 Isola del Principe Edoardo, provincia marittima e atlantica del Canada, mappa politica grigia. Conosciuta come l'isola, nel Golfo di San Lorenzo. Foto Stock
* * * *
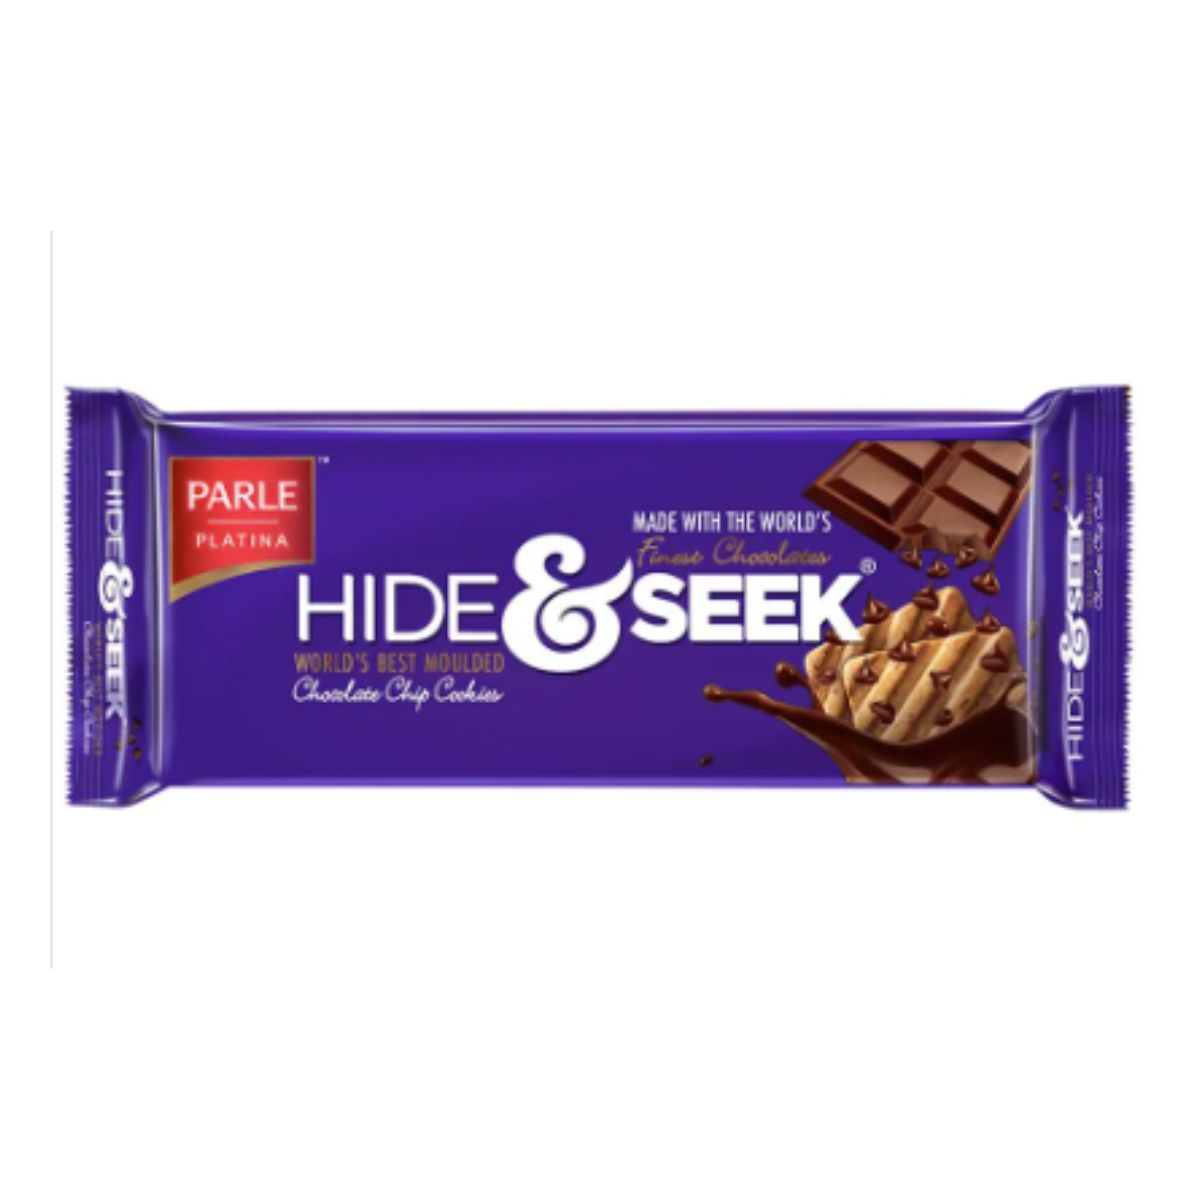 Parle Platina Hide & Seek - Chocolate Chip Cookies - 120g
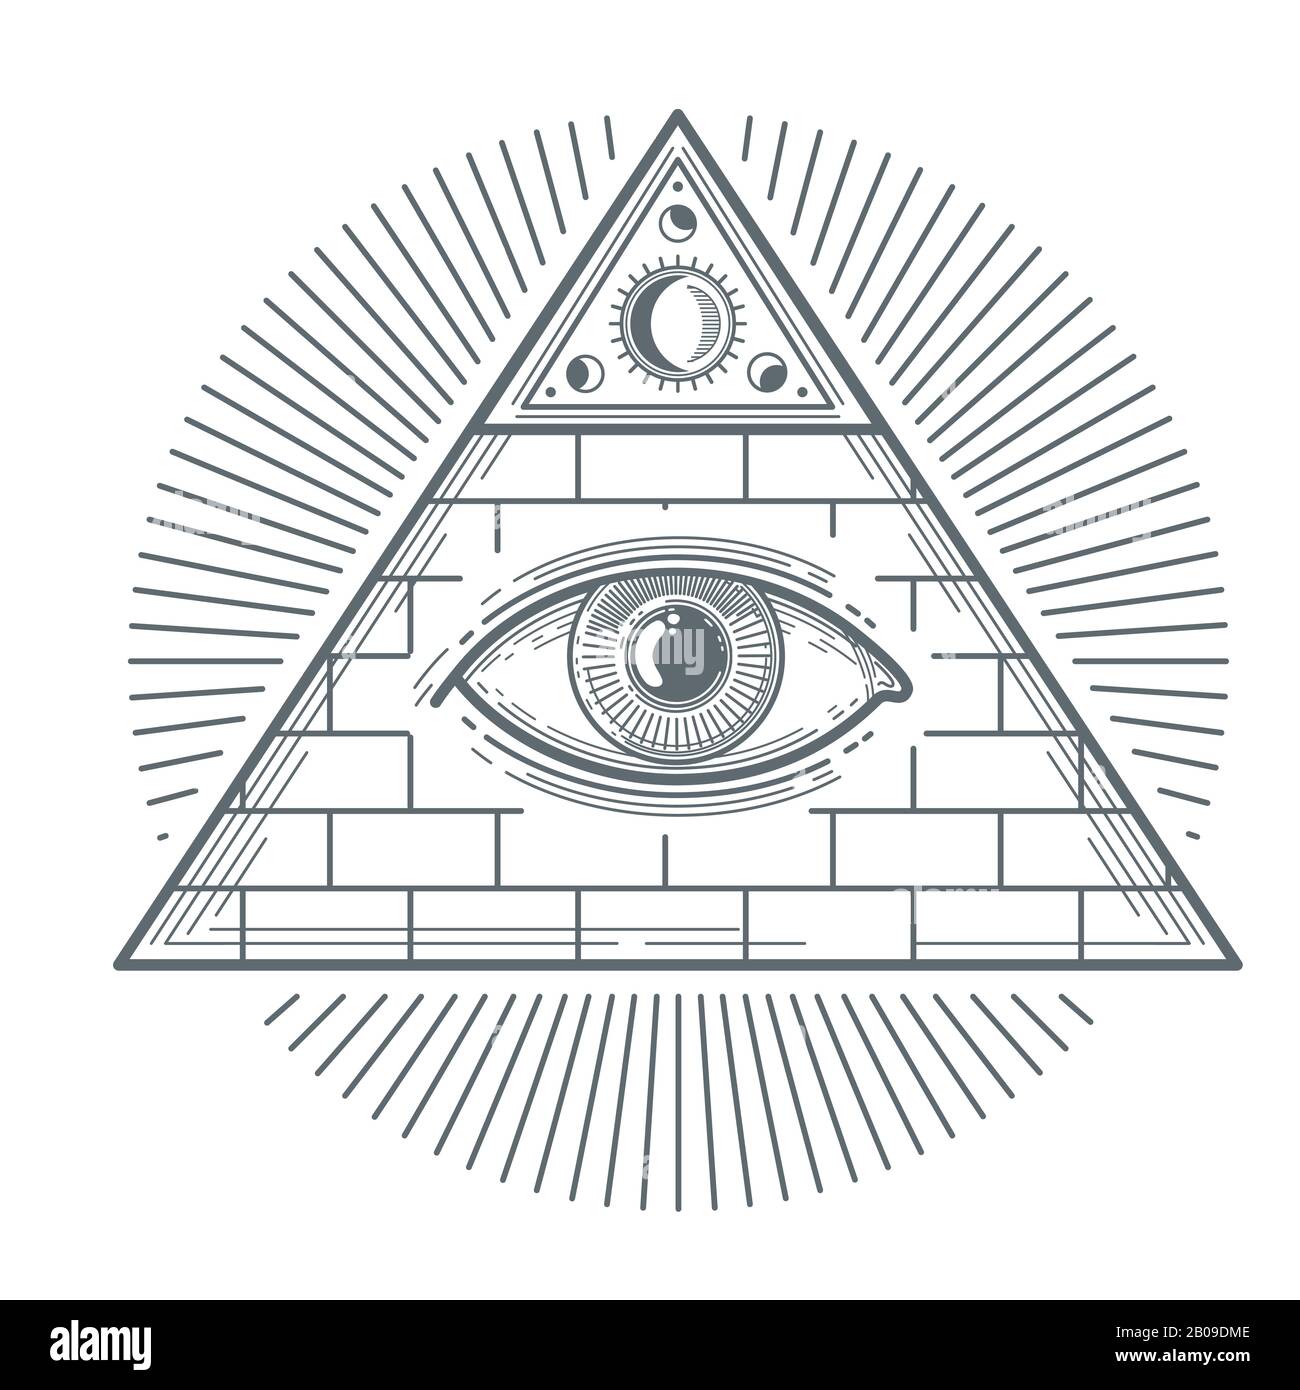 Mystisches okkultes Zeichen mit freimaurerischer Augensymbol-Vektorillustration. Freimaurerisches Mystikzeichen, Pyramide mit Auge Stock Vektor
* * * *
Exercise description. What is needed is an exact copy of the lines above from the one with "Parle Platina Hide" to the one with "Mystisches okkultes Zeichen", both ends kept, and nothing more; please leave the pictures out.

Answer section.
 Parle Platina Hide & Seek - Chocolate Chip Cookies - 120g
 Mystisches okkultes Zeichen mit freimaurerischer Augensymbol-Vektorillustration. Freimaurerisches Mystikzeichen, Pyramide mit Auge Stock Vektor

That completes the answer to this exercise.